If applied to a app.function, map() returns one result per input and the output order is guaranteed to be the same as the input order. Set order_outputs=False to return results in the order that they are completed instead.

return_exceptions can be used to treat exceptions as successful results:

@app.function()
def my_func(a):
    if a == 2:
        raise Exception("ohno")
    return a ** 2


@app.local_entrypoint()
def main():
    # [0, 1, UserCodeException(Exception('ohno'))]
    print(list(my_func.map(range(3), return_exceptions=True)))

starmap

@warn_if_generator_is_not_consumed(function_name="Function.starmap.aio")
def starmap(
    self,
    input_iterator: typing.Iterable[typing.Sequence[Any]],
    *,
    kwargs={},
    order_outputs: bool = True,
    return_exceptions: bool = False,
) -> AsyncOrSyncIterable:

Like map, but spreads arguments over multiple function arguments.

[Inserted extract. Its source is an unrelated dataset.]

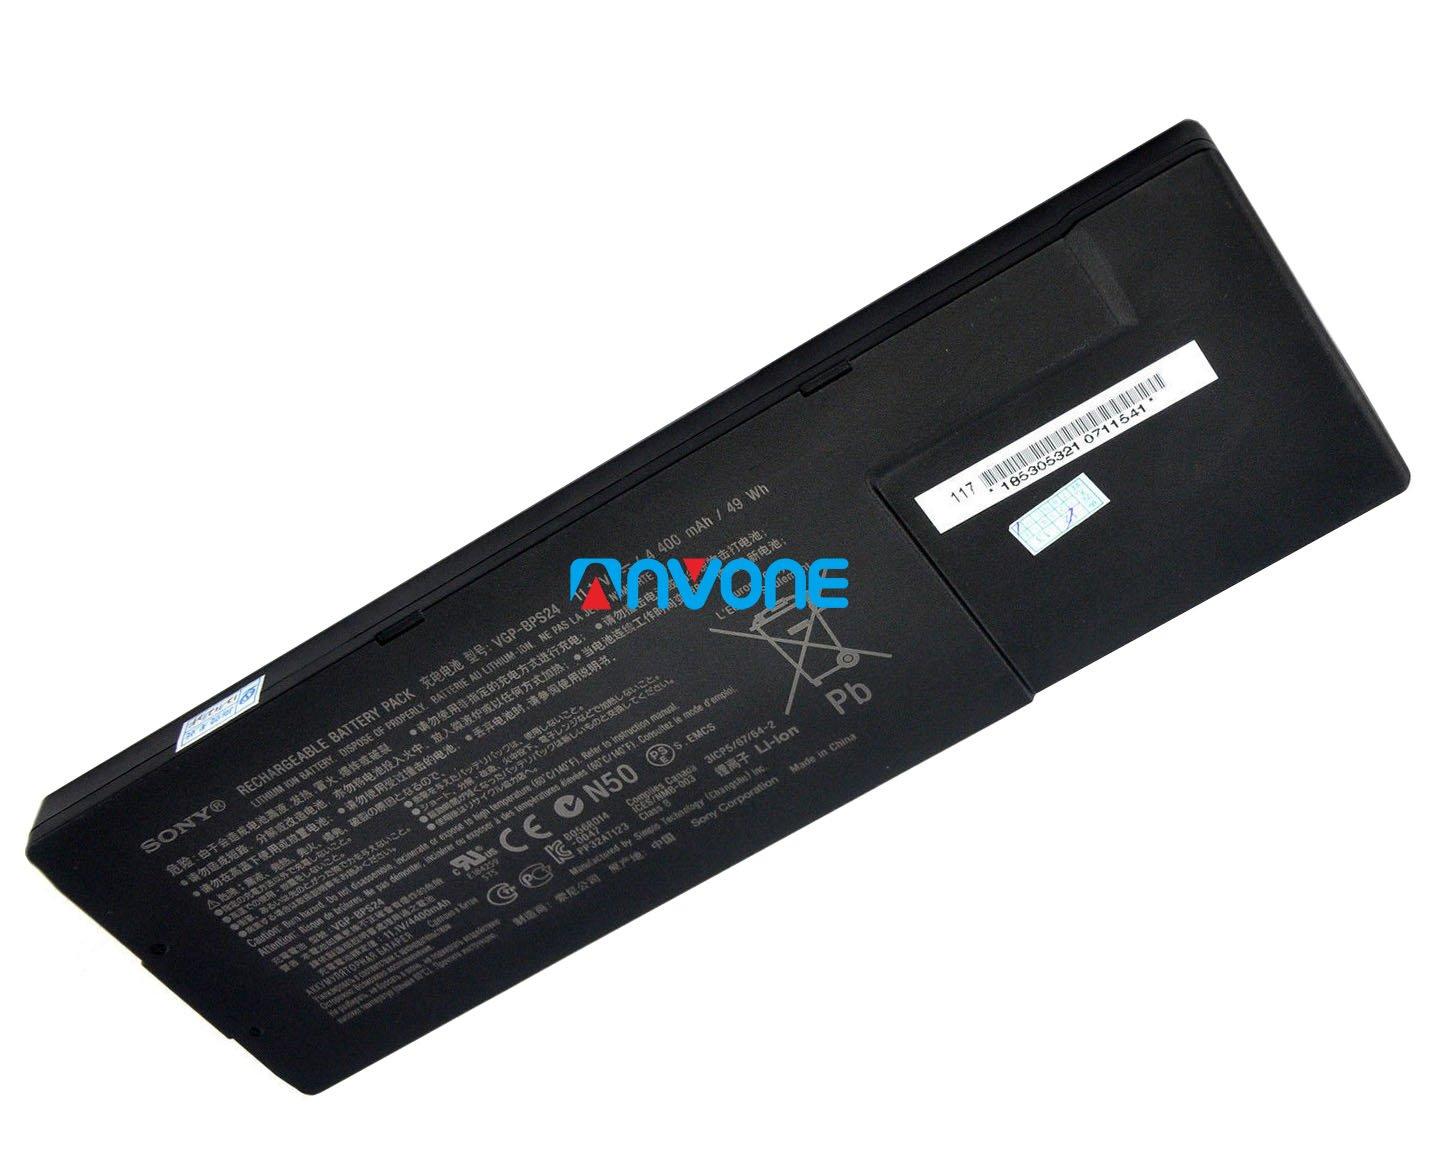 Genuine VGP-BPS24 Sony VAIO VPC-SB1AGJ VPC-SB1AGJA VPC-SB1AGX/B VPC-SB1AHJ Battery
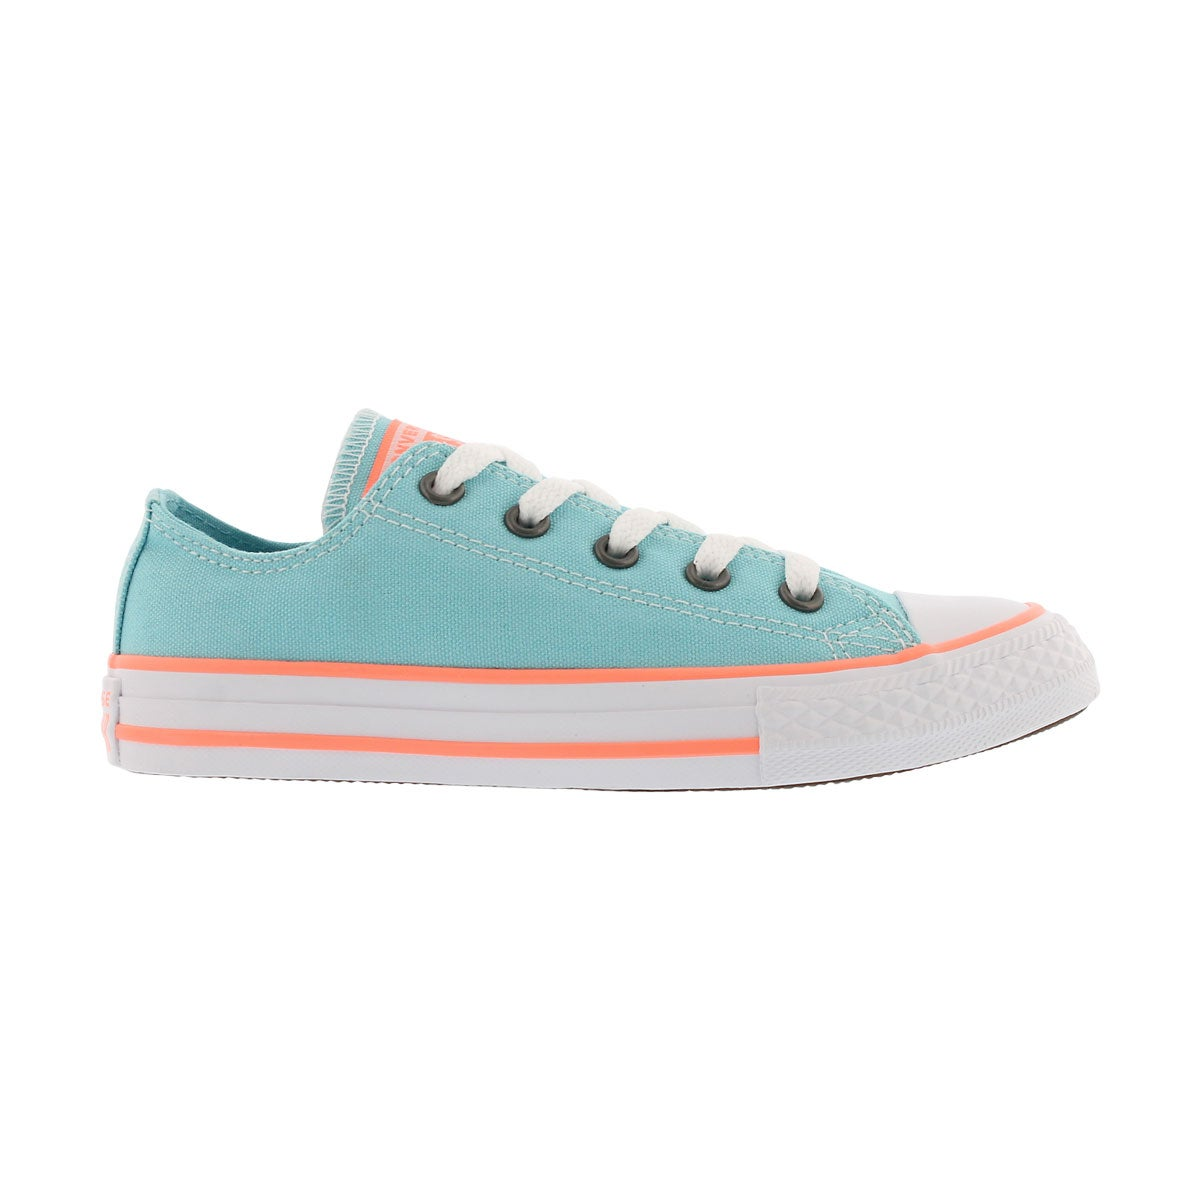 Grls CTAS Seasonal bleached aqua sneaker

Assumes every input is a sequence (e.g. a tuple).

Example:

@app.function()
def my_func(a, b):
    return a + b


@app.local_entrypoint()
def main():
    assert list(my_func.starmap([(1, 2), (3, 4)])) == [3, 7]

for_each

def for_each(self, *input_iterators, kwargs={}, ignore_exceptions: bool = False):

Execute function for all inputs, ignoring outputs. Waits for completion of the inputs.

Convenient alias for .map() in cases where the function just needs to be called. as the caller doesn’t have to consume the generator to process the inputs.

spawn_map

def spawn_map(self, *input_iterators, kwargs={}) -> None:

Spawn parallel execution over a set of inputs, exiting as soon as the inputs are created (without waiting for the map to complete).

Takes one iterator argument per argument in the function being mapped over.

Example:

@app.function()
def my_func(a):
    return a ** 2


@app.local_entrypoint()
def main():
    my_func.spawn_map([1, 2, 3, 4])

Programmatic retrieval of results will be supported in a future update.